As I mentioned, I emailed the author of rate. He replied this morning and confirmed that he is no longer developing rate. He offered up the source code, if you don't have it already. Let me know if you are interested in the details.

We already have access to the source code for rate, or it couldn't be compiled into our images. Adapting the GUI to use iftop is almost certainly easier than adapting rate to handle IPv6.

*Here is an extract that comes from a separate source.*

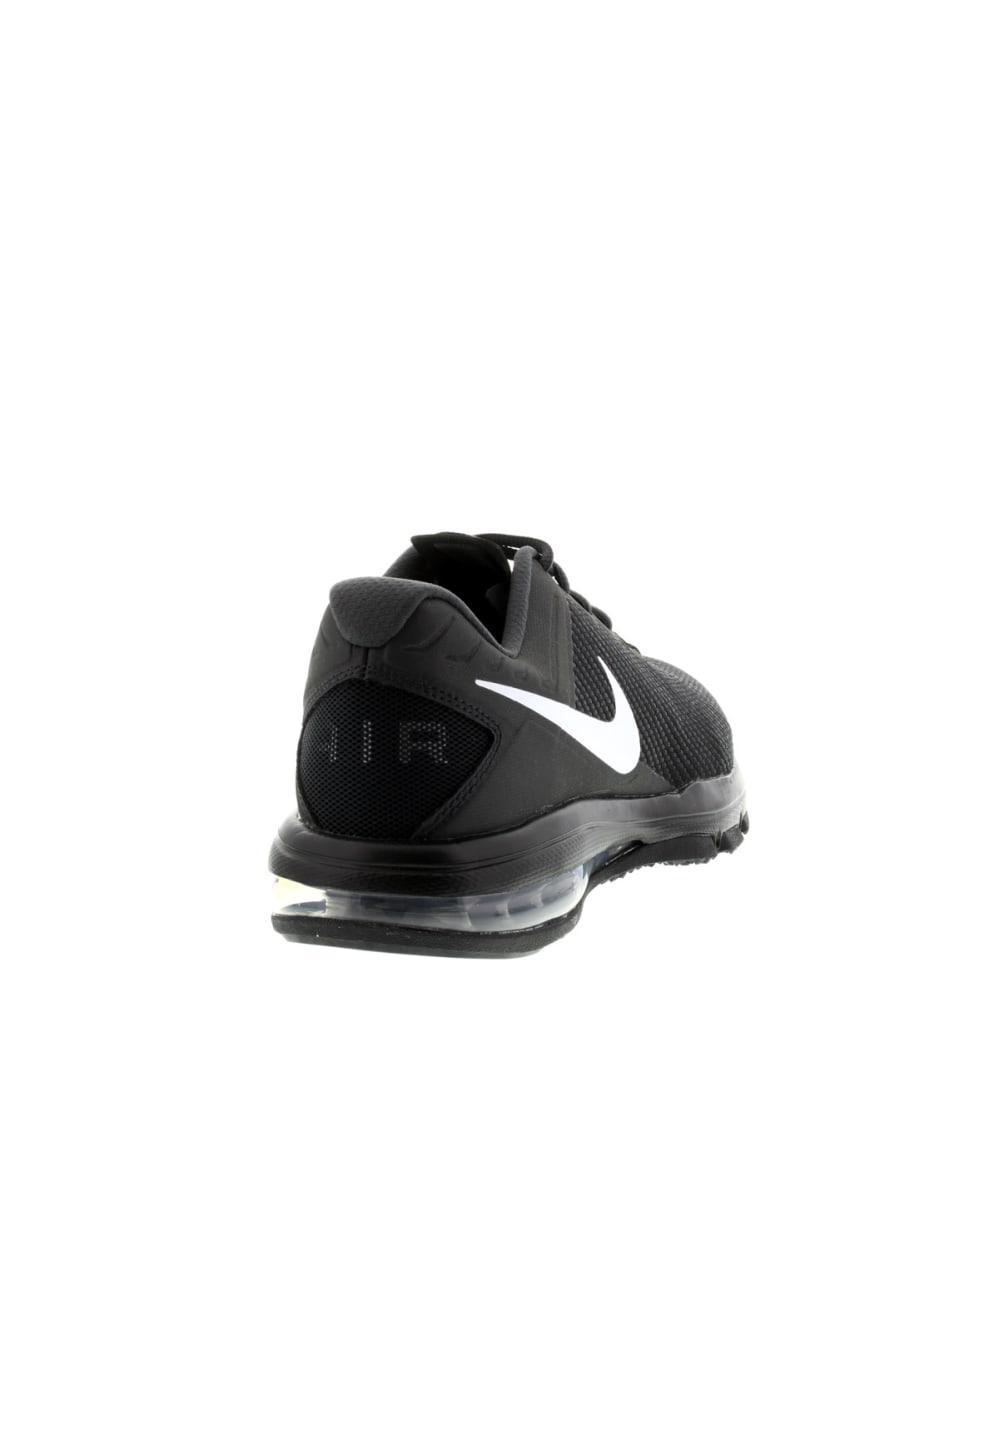 new product 7cd29 46a2f Next. Nike. Air Max Full Ride TR 1.5 - Fitnessschuhe für Herren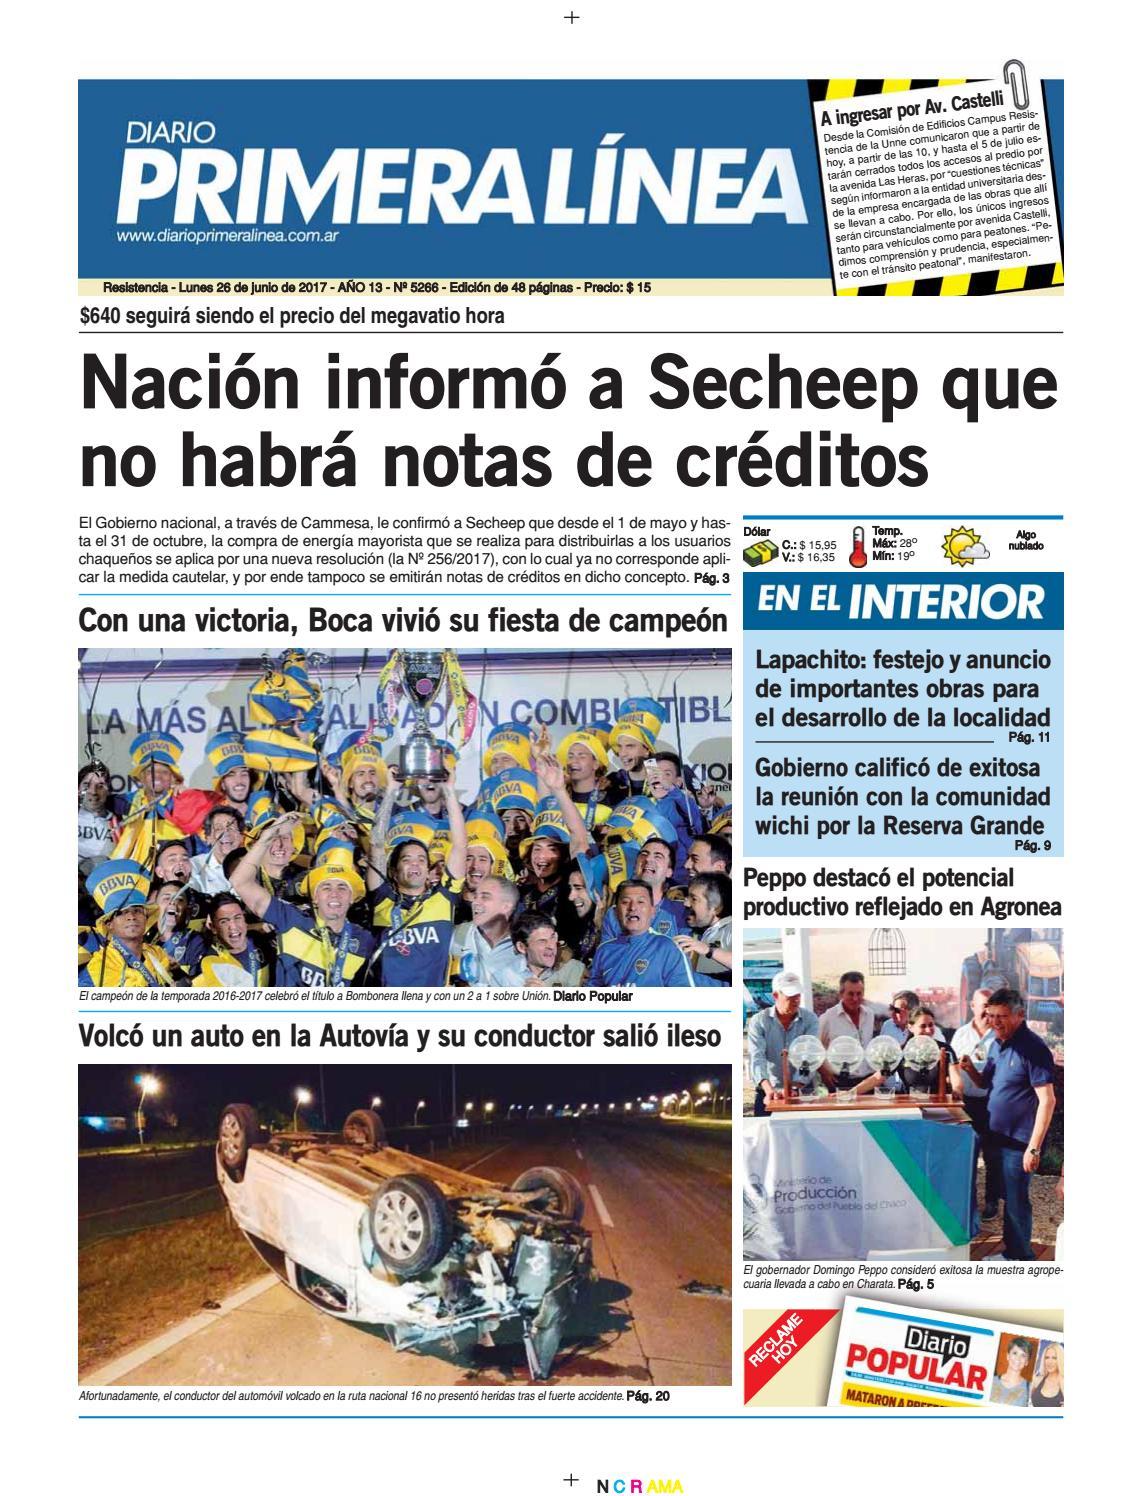 Primera Línea 5267 26 06 17 by Diario Primera Linea - issuu

iftop is still being actively developed. If we attempt to adapt rate, then we'd be taking on all the technical debt of maintaining it going forward, on top of the work to make it function now.

See also: #7224

Also it looks like there is an odd condition where the first time you switch to iftop, it doesn't want to display anything. But if you save it as default, navigate away for a few seconds, then go back, it shows data. I'd call it a fluke but it happened on two systems so far.

That could be moved to its own separate (potentially even post-2.5.0) issue if it persists after the pkg issue is sorted.

Jim Pingle wrote:

There is still a problem or two here.

The iftop binary is not present unless you manually install the pkg. Also the pfSense package (net-mgmt/pfSense-pkg-iftop) needs to be removed since net-mgmt/iftop can now be set as a dependency of the security/pfSense meta pkg.

It's done since Feb

I've upgraded to pfSense 2.5 RC but still there are no IPv6 addresses shown in the traffic graph for me. What am I doing wrong?

It doesn't change to the new mode automatically. You have to change it from rate to iftop..

• Status > Traffic Graph
• Set Mode to iftop
• Click Save

Make sure it's set to display IP Addresses, not hostnames, or you may not notice when it does report IPv6 traffic.

You might have to navigate away and back to the page for it to start working after the first change to the new mode.

Thank you for pointing that out. Now it shows IPv6 addresses. Great work.